====== Data excerpt

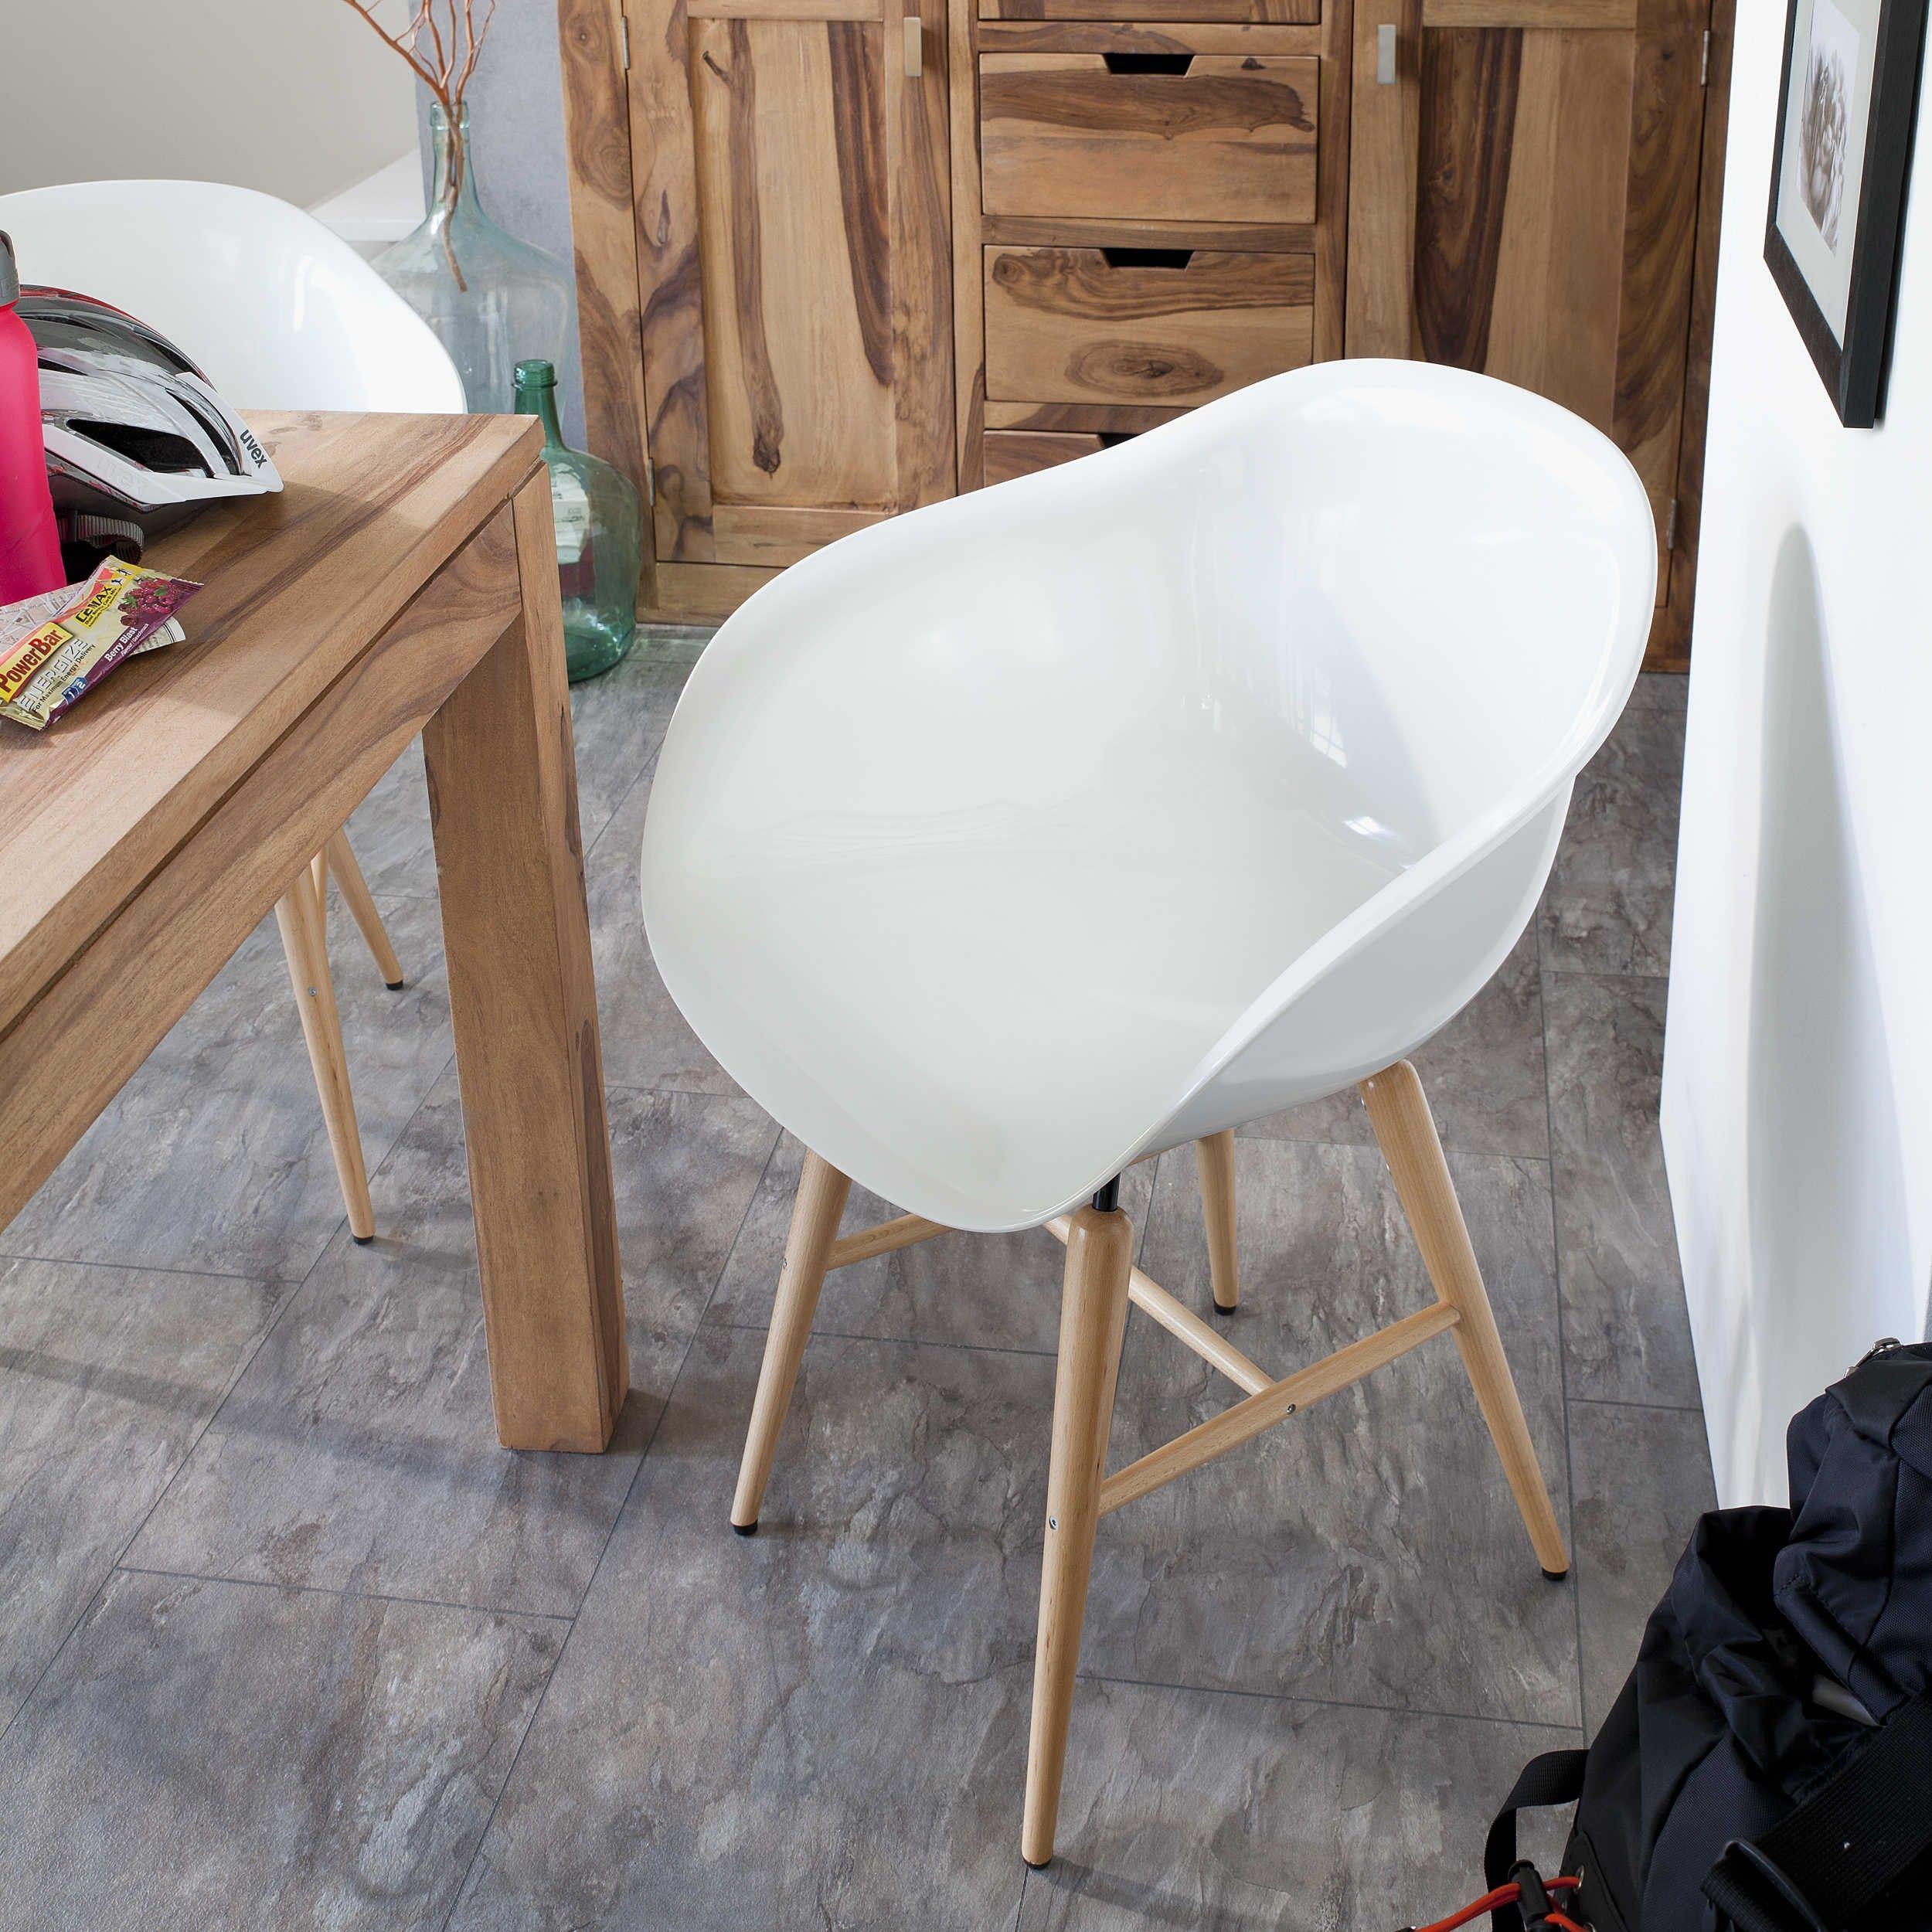 Kare Stuhl Forum Wood, Weiß   4 Fuß Stühle   Stühle U0026 Freischwinger    Esszimmer
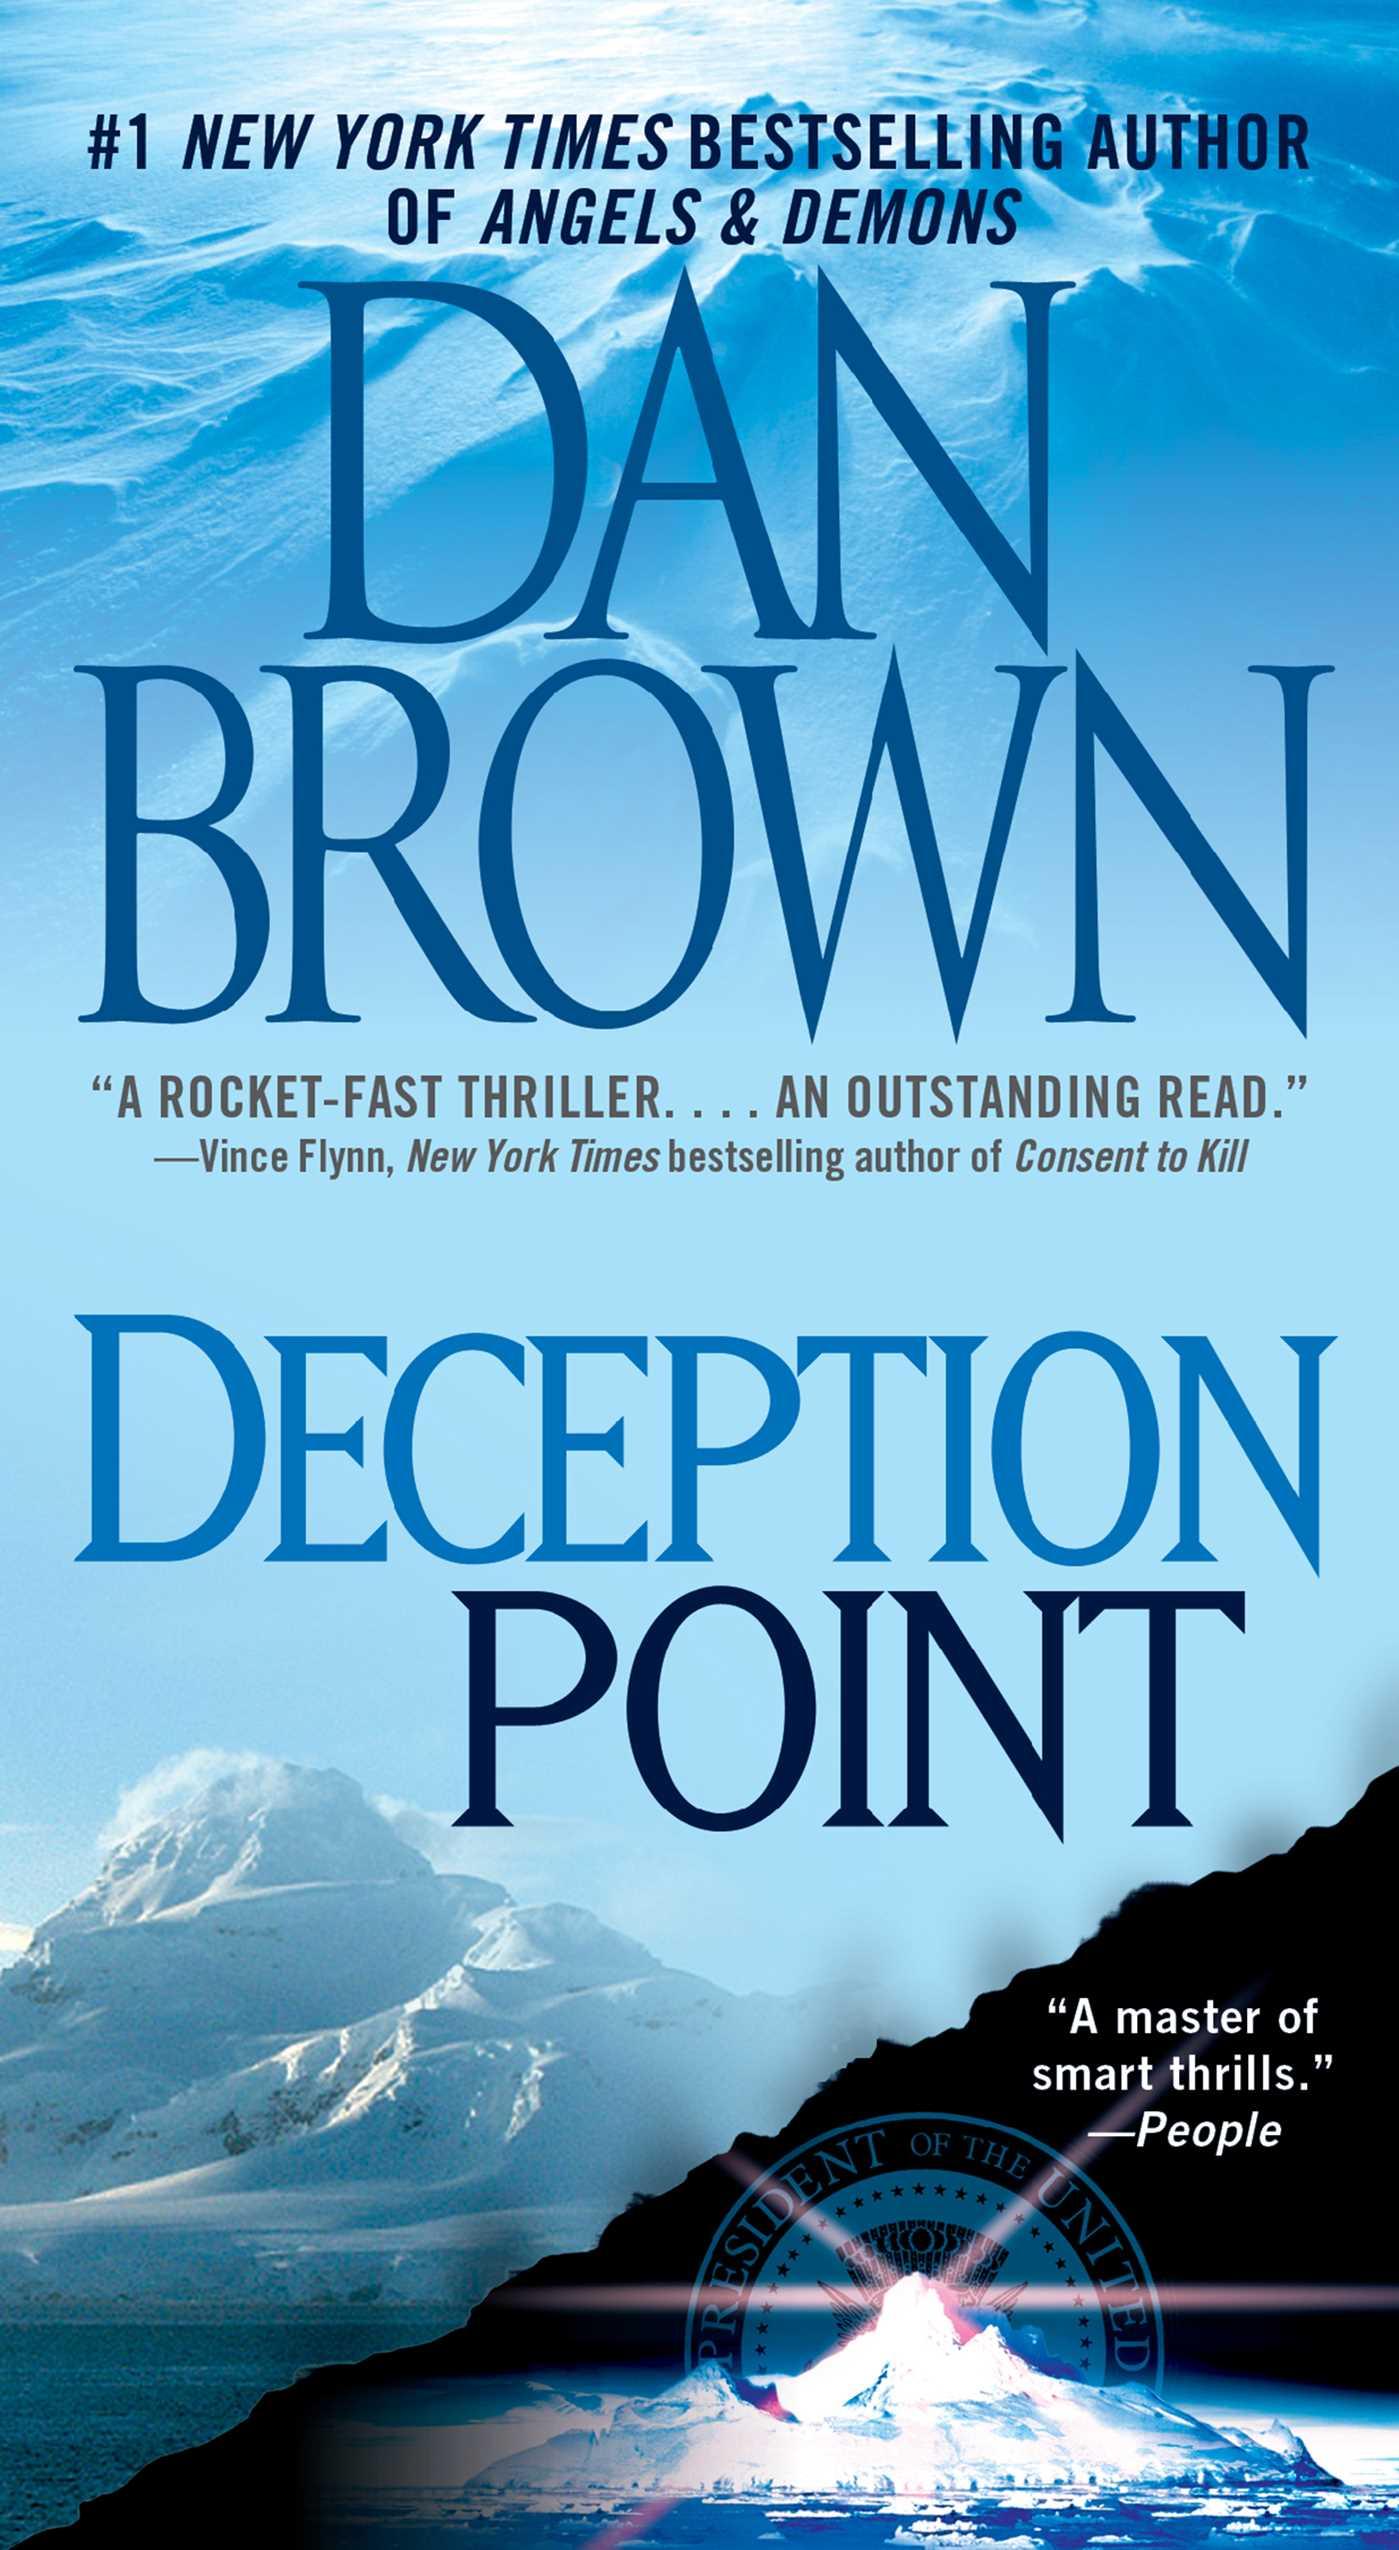 Deception point 9781416524809 hr
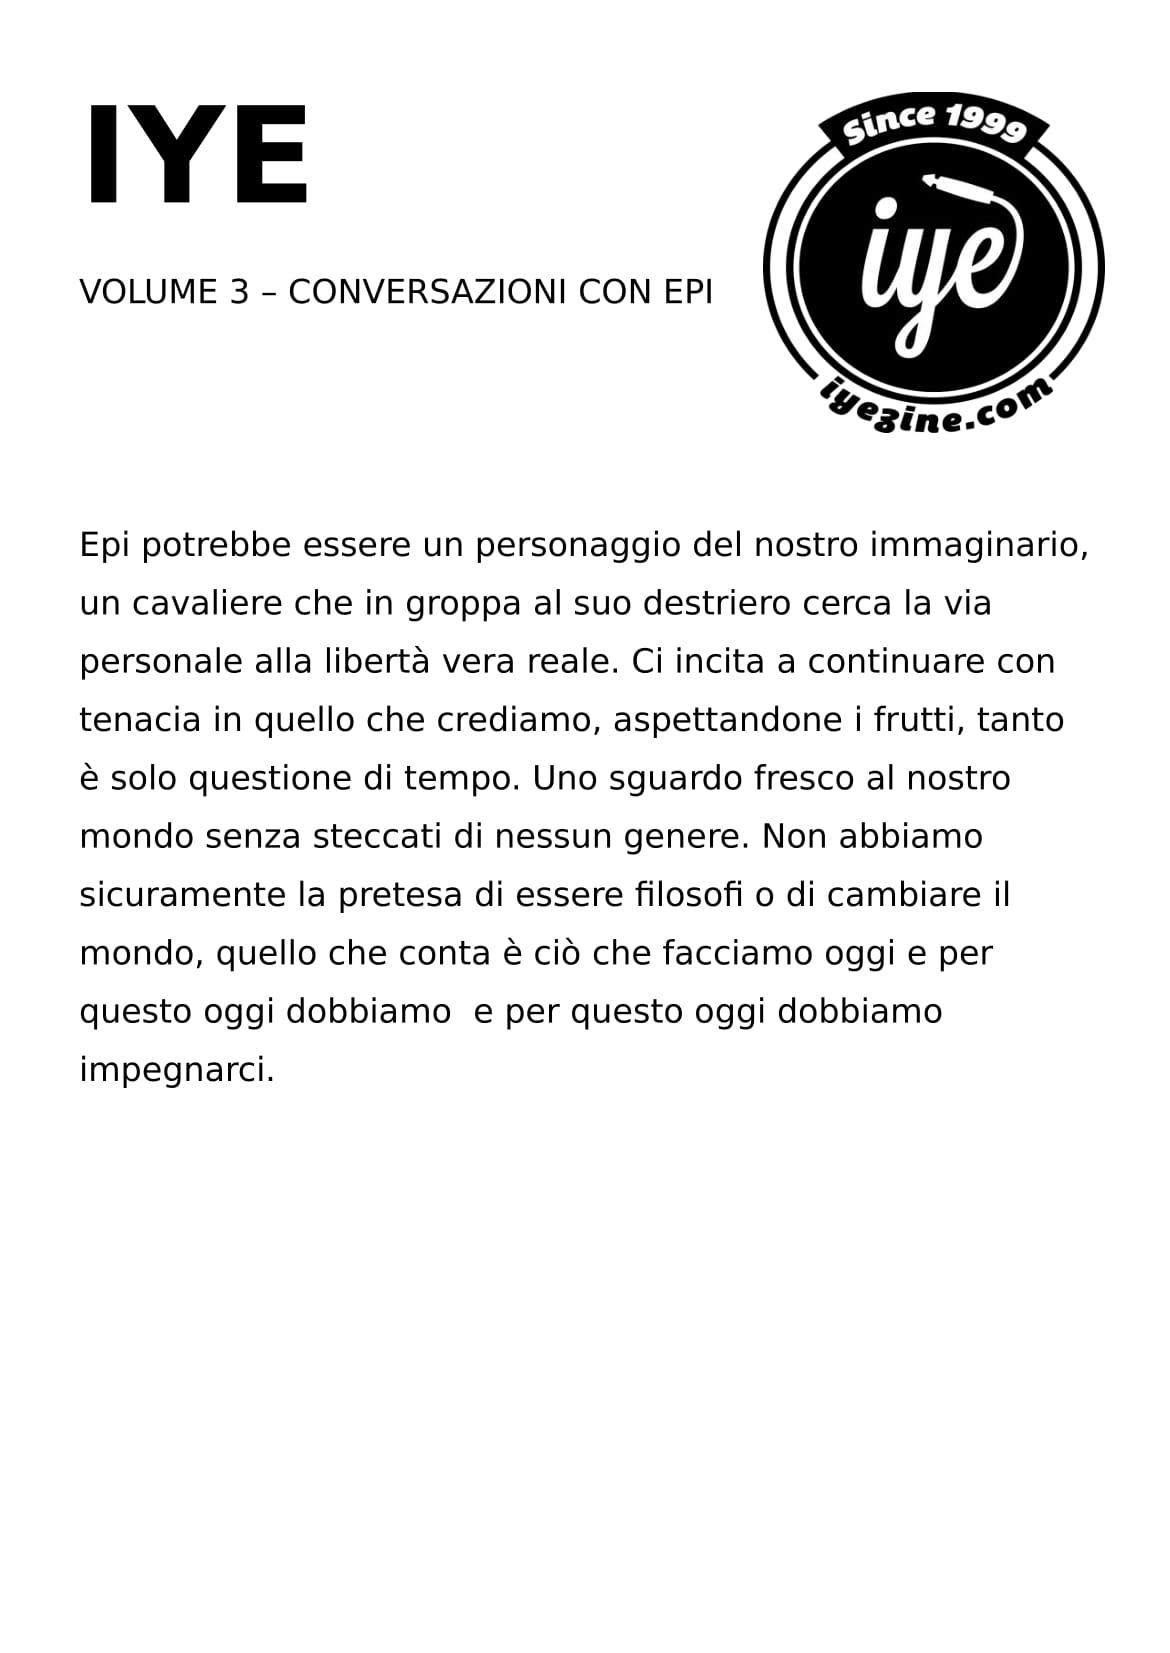 IYE - VOLUME 3 - Epi 1 Iyezine.com

============

Exercise: Once the line containing "Deception point 9781416524809 hr" is found, write it out exactly along with every line after it through the end of the listing, excluding pictures.

Answer to the problem:
 Deception point 9781416524809 hr
 IYE - VOLUME 3 - Epi 1 Iyezine.com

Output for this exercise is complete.